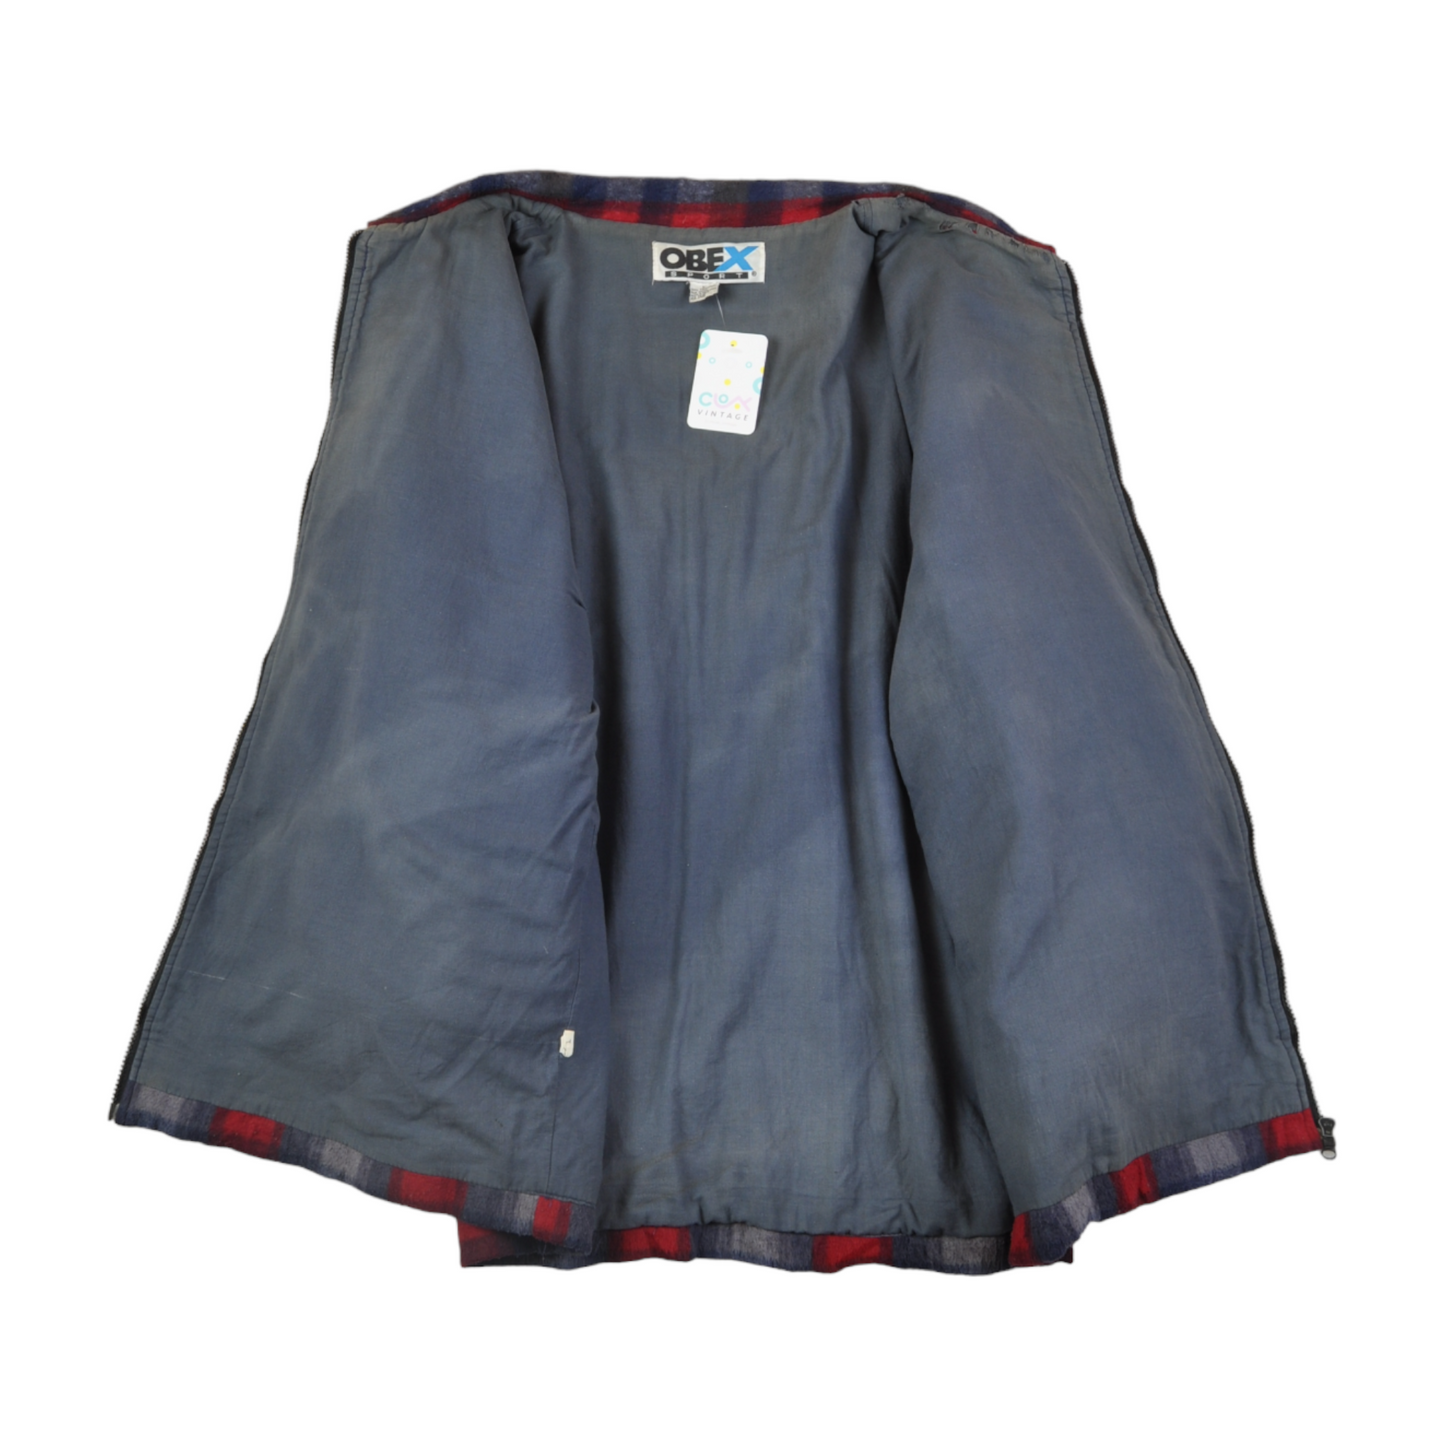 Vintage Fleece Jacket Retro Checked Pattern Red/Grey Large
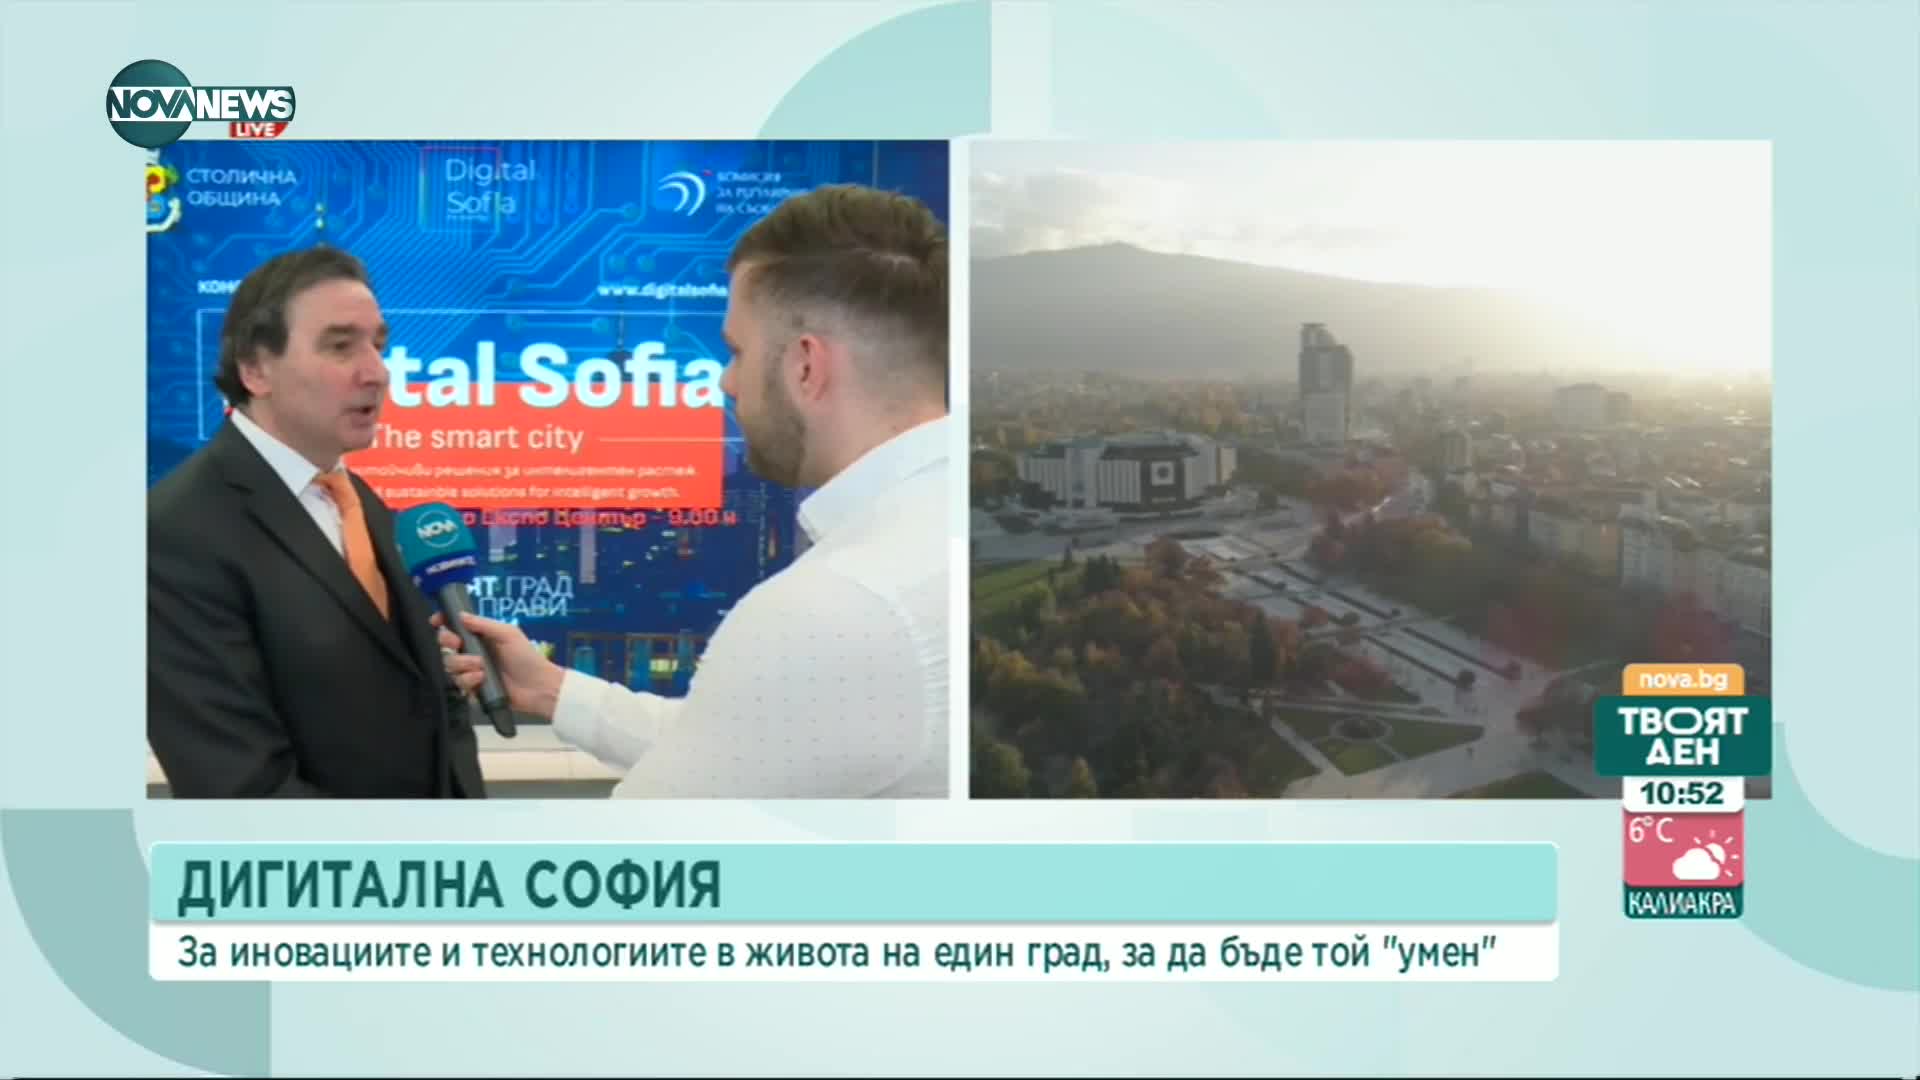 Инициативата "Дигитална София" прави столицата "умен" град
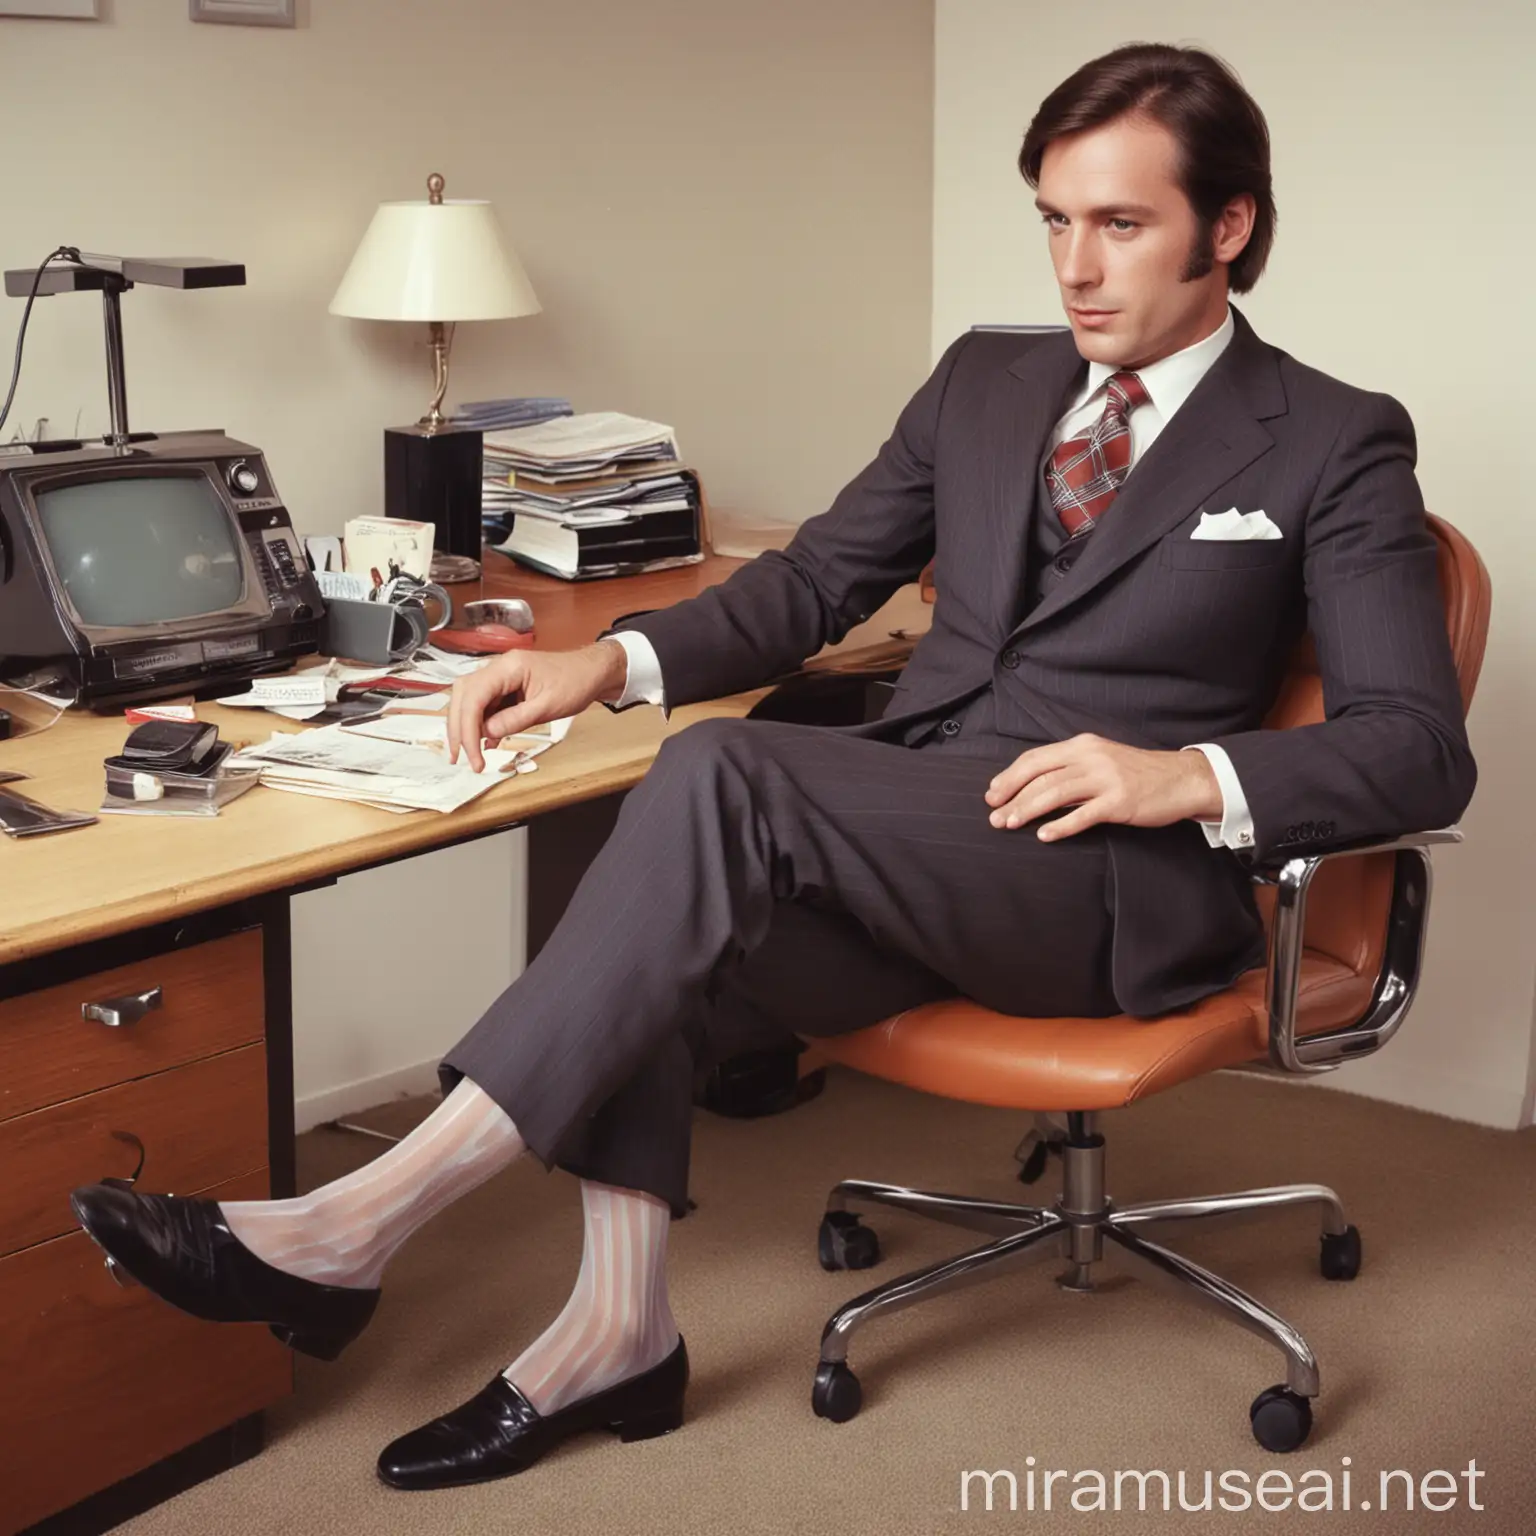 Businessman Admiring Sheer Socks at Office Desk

== == ==

* [Problem description]:
The material above is to be output exactly, with each picture left out.

* [Exercise solution]:
 Vintage Fleece Jacket Retro Checked Pattern Red/Grey Large
 Инициативата "Дигитална София" прави столицата "умен" град
 Businessman Admiring Sheer Socks at Office Desk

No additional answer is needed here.